Fitting hierarchical logistic regression to large dataset

I am a molecular biologist and I am investigating the effect of genetic variants on a disease. My data consist of 2000 patients, 1000 with the disease in question (asthma) and 1000 who are healthy. A binary outcome. For each patient I have the data of 100000 variants (called SNPs), which takes on 0, 1 or 2 depending on the number of copies the individual posses of each SNP. I want to estimate the effect of each SNP, so I assign a coefficient b to each SNP using a multivariate logistic regression but each SNP is drawn from an adaptive prior, making it a hierarchical model. I am using a standard normal as a prior for b, since I expect most SNPs to have no effect on the disease. My problem is that I quickly run out of memory while fitting the model to this large dataset. I wonder if it is because my model is not constructed well enough, or if it is simply my computer which is not powerful enough (in which case I cannot do anything).

My computer specifications are: Intel® Core™ i5-7200U CPU @ 2.50GHz, with 8 GB RAM.

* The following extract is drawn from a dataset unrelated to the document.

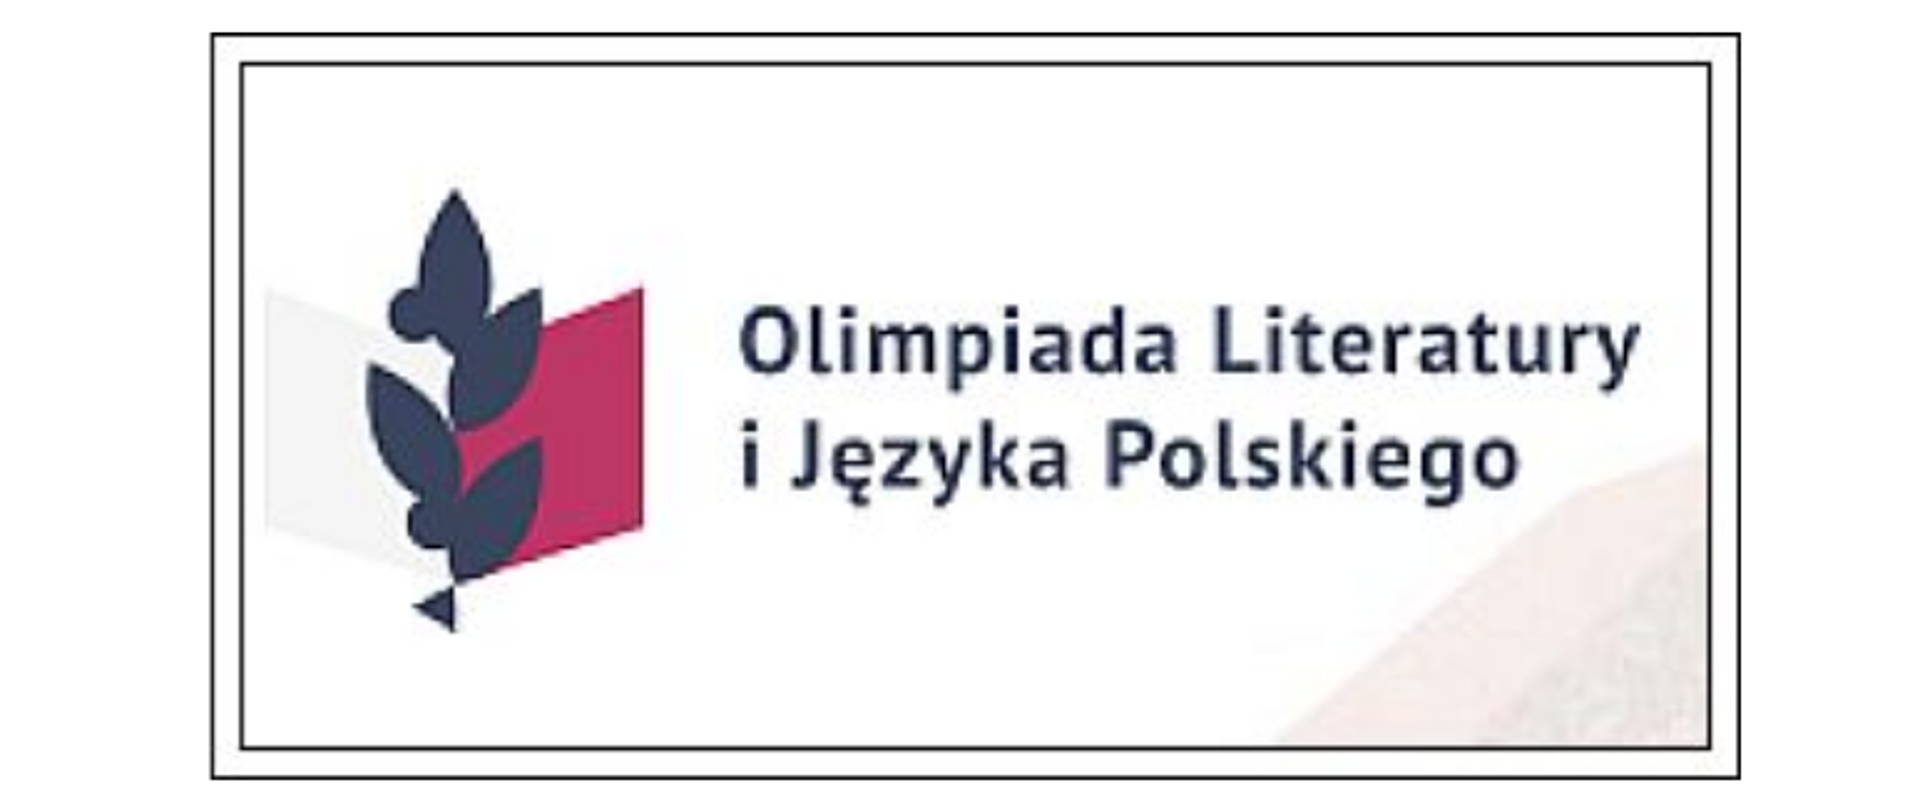 w lewej części logo składające się z dwóch połączonych równoległoboków w kolorze białym i czerwonym oraz kształtów liści, po prawej napis olimpiada literatury i języka polskiego

I am using 500 iterations and using rstans options(mc.cores = 4), as I only have 4 cores.

Do you have any suggestions of what I could do, in order to be able to fit this model to a the large dataset described above? My model is described below:

data{
  int<lower=1> N; // Rows
  int<lower=1> M; // Columns
  
  int<lower=0, upper=1> y[N]; // Outcome variables
  matrix<lower=0, upper=2>[N, M] x; // Predictor variables
}

parameters{
  // Hyper priors
  real mu;
  real<lower=0> sigma;
  
  // Priors
  real a;
  vector[M] b;
}

model{
  // Hyper-priors
  mu ~ std_normal();
  sigma ~ cauchy(0, 5);
  
  // Priors
  a ~ normal(0, 5);
  b ~ normal(mu, sigma);
  
  // Likelihood
  y ~ bernoulli_logit(a + x * b);
}

generated quantities{
  vector[M] OR;
  OR = exp(b); // effect size of each SNP
}

If the problem is running out of memory, the easiest thing to do is to run one chain at a time. This will slow down the overall time to get the solution, but it will give you a better chance of fitting such a large dataset in your memory.

Another thing is to compute the odds ratios outside of stan, so you’ll save up a bit more memory.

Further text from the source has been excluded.